Хайнлайна метко называют «самым американским из американских фантастов». Он энергичен, оптимистичен и в ладах с наукой и техникой. Он скептически относится к гуманитарным «благородным идеям» и с сомнением относится к «либералам». И все-таки следует заметить, что примеры, подобные вышеприведенным, — редкость в его творчестве, а откровенно милитаристский роман «Воины звездного корабля» (1959) — пожалуй, самый показательный пример хайнлайновской философии…
Казалось, нельзя было ожидать, чтобы этот писатель — певец будущей расы пуритан и вояк, огнем и мечом утверждающих в космосе «твердый порядок», стал популярным у нового поколения американской молодежи. Поэтому беспрецедентный успех в университетских кампусах романа «Чужой в чужой земле» (1961) оказался сродни взрыву бомбы и свидетельствовал о редкой писательской интуиции Хайнлайна.
Он одним из первых среди американских фантастов уловил слабые дуновения будущего урагана, пронесшегося по миру западной молодежи в середине 60-х. Все казалось неожиданным в этом романе поклонникам Хайнлайна: россыпь будоражащих и парадоксальных идей, сочно выписанные образы героев, острая социальная сатира, перенесение упора не на действие, а на диалог (в отличие от большинства произведений Хайнлайна в романе «Чужой в Чужой земле» герои не столько стреляют, сколько размышляют, спорят, проповедуют), и прочее и прочее…
В «Новой библии хиппи», как окрестила «Чужого» американская критика, юноша-землянин Майкл Валентин Смит с младенческих лет воспитан древней марсианской цивилизацией.

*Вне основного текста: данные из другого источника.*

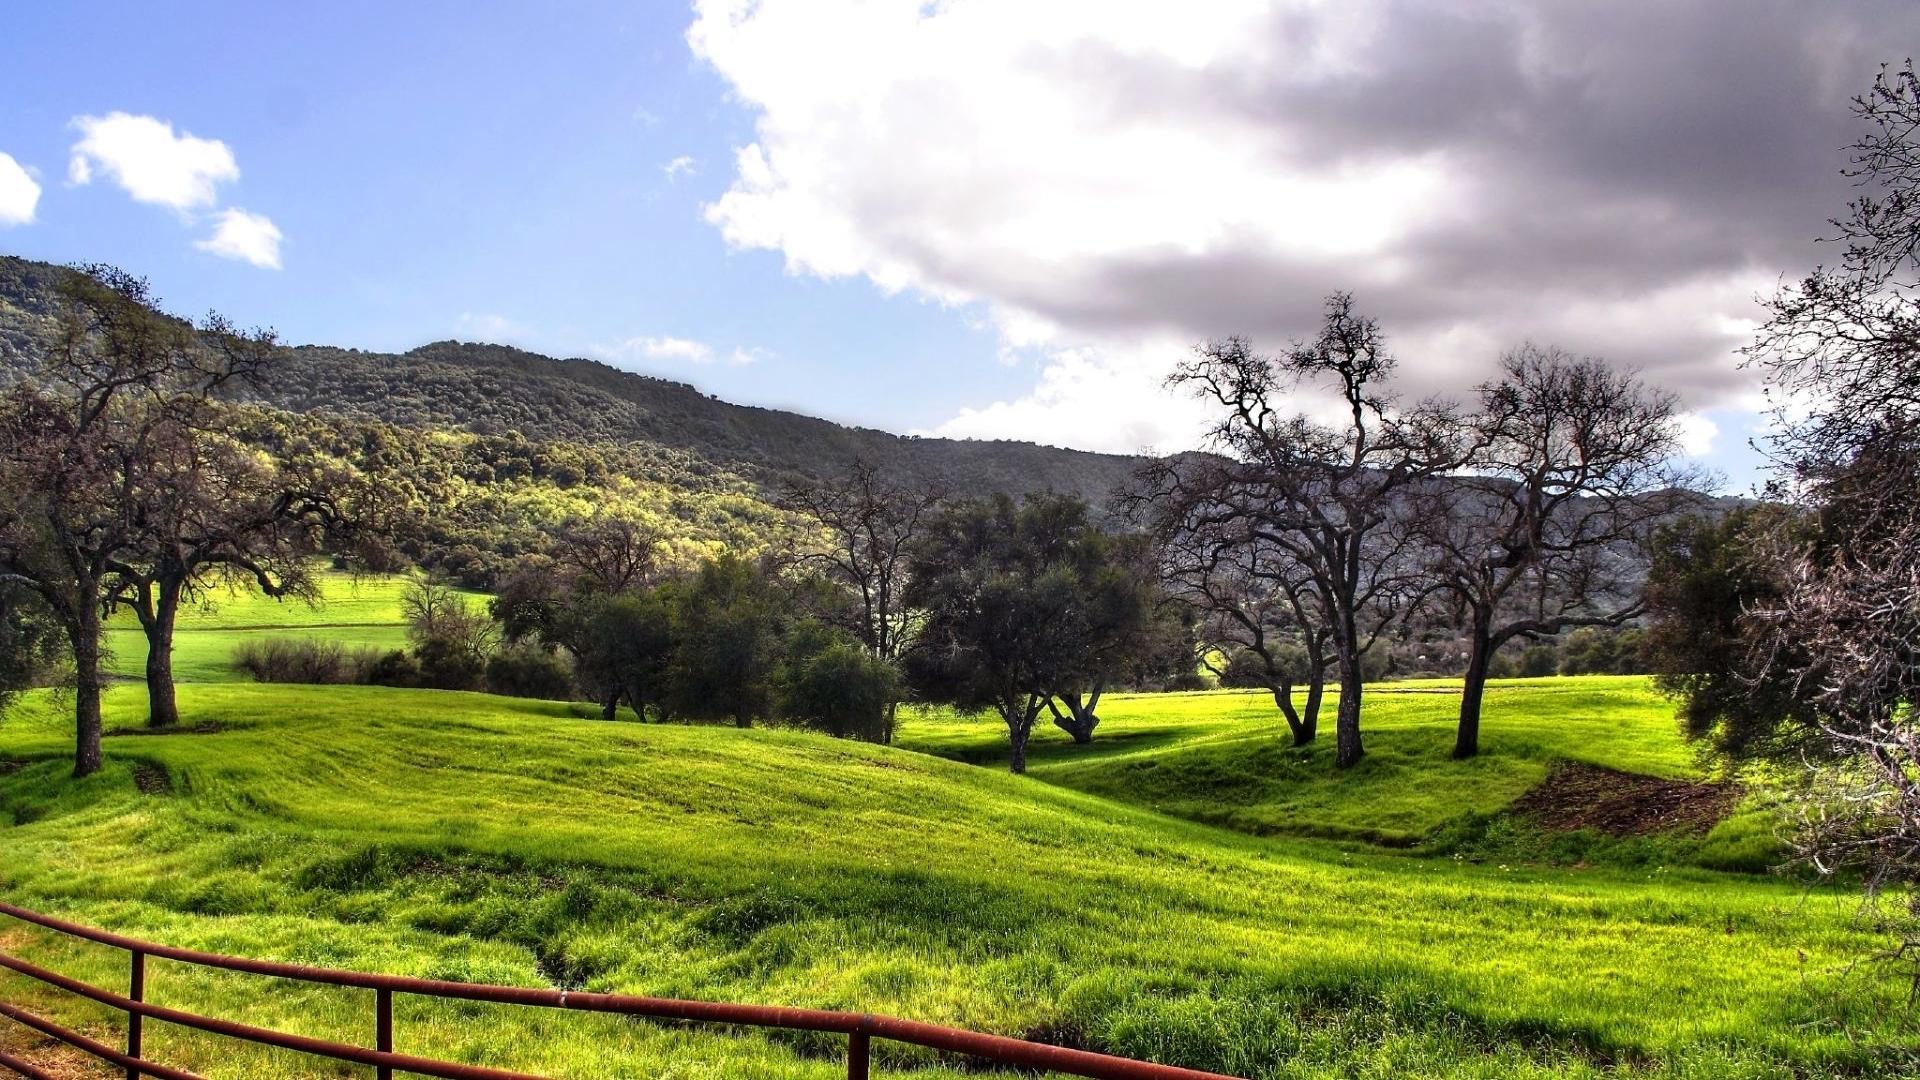 25763 скачать обои Пейзаж, Деревья, Трава - заставки и картинки бесплатно

После возвращения на Землю, в Америку недалекого будущего, он основывает религиозно-этический культ, в котором перемешано всего: понемножку: и развитие различных «сверхчувственных» способностей, и сексуальное самоусовершенствование, и отголоски восточных философий и религий, и теория «гнезд» — коммун, члены которых живут единой семьей, и нечастый в этой литературе гуманизм. Конец мессии закономерен в обществе, где он попытался организовать «царствие человека на земле»: возбужденная врагами Смита толпа врывается в его резиденцию и забивает камнями новоявленного Учителя. Изо рта его вместе со струйкой крови вырываются последние слова, срезонировавшие с настроениями «хиппийствующей» молодежи: «Я люблю вас всех»…,
Несмотря на заметный привкус моды, в романе увидели примечательный поворот. Резкое изменение творческого почерка одного из канонизированных при жизни авторитетов было удивительным для этой литературы (по-своему «догматичной») и сулило оптимистические перспективы на будущее.

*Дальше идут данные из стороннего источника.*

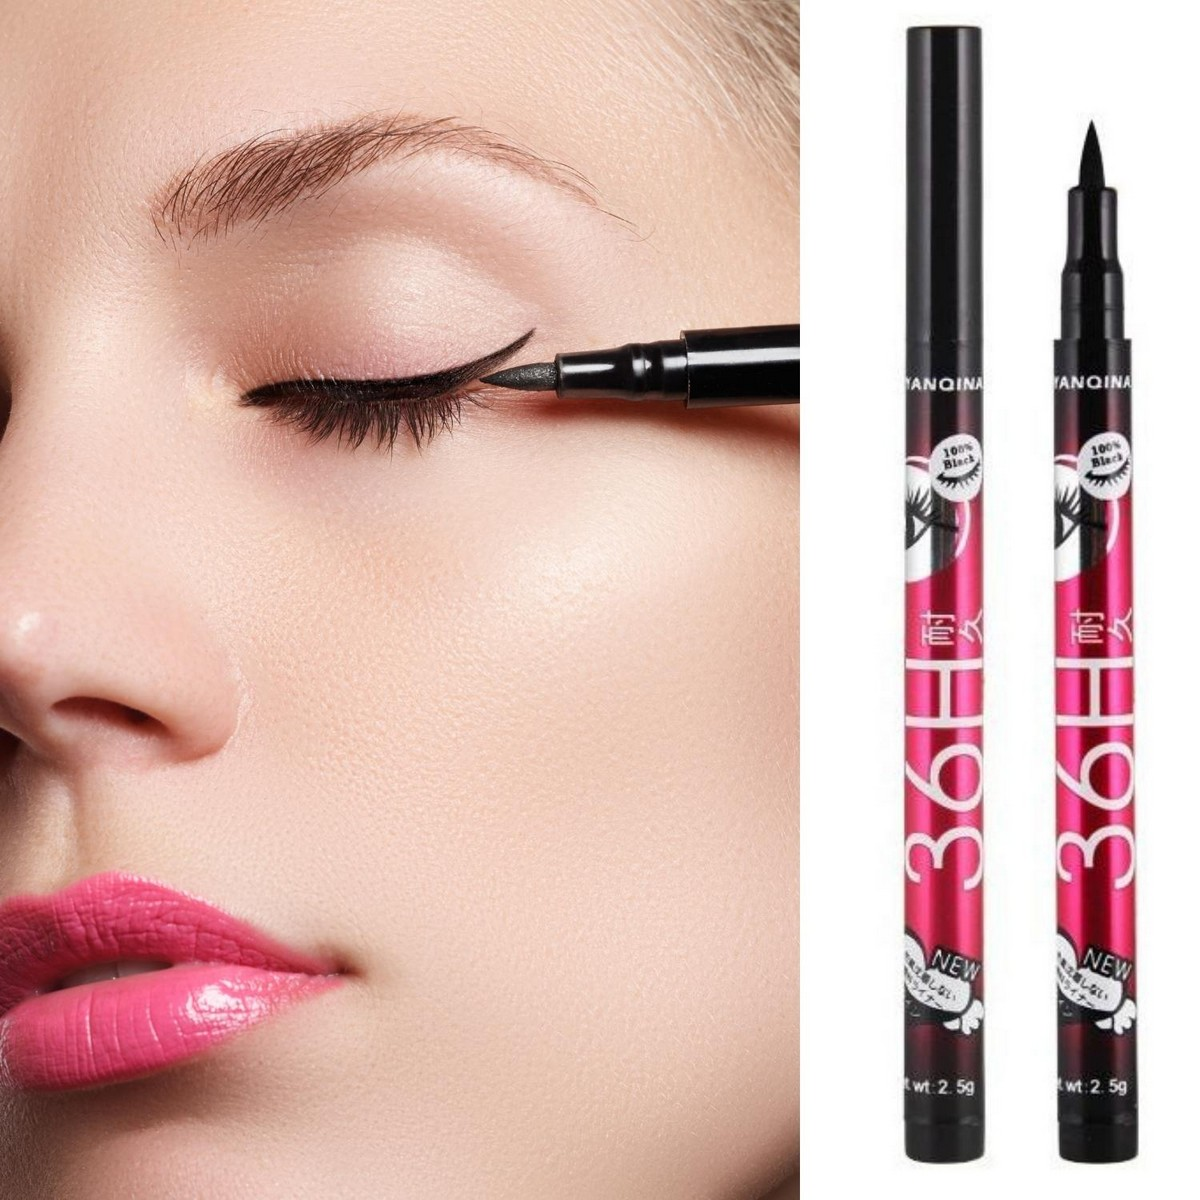 36 hours Waterproof Black Eyeliner Liquid gel liner Make Up Beauty Comestics Eye Liner cosmetic makeup eyeliner pencil

Однако эволюция Хайнлайна в последующее десятилетие свидетельствовала об обратном. Заигрывание с новыми идеями оказалось лишь легким флиртом, новая же научная и техническая терминология соседствовала с реакционным философским мировоззрением,
Вот, например, первый роман. Автором нарисован интересный социально-психологический групповой портрет, где в качестве «малой группы» выступает восставшая лунная колония недалекого будущего (туда ссылают преступников с Земли). Хайнлайну не откажешь в логике и выдумке: мир «селенитов» неожидан, ярок, интересен с социологической точки зрения. Оригинальна и увлекательна интрига, детально выписан природный и общественный «фон» романа — словом, налицо все предпосылки для удачи! Но вот на сцену выступает Хайнлайн-философ, и начинается… В мире, изображенном Хайнлайном, большинство из принятых ныне норм поведения вышвырнуты на свалку. Изгоями, париями становятся добряки и альтруисты. Почитается абсолютная свобода, право каждого делать все, что ему заблагорассудится, а посему — долой слабых и бедных! И никакие ссылки на исключительность природного окружения не в состоянии оправдать подобный человеконенавистнический социал-дарвинизм.
Во втором произведении оригинальный сюжетный поворот (мозг стареющего миллиардера пересаживают в тело его юной красавицы-секретарши, и в результате две личности в одном теле открывают друг другу «прелести жизни») на поверку оказывается пикантным «анекдотцем», не более… Последний роман писателя, «Достаточно времени для любви» (1973), поставил окончательную точку в этой инволюции. Здесь идейная убогость и антигуманизм предстают в полный рост вместе с многочисленными клише массовой культуры: бондианой, сексом, проповедью «нового руссоизма» и тому подобным.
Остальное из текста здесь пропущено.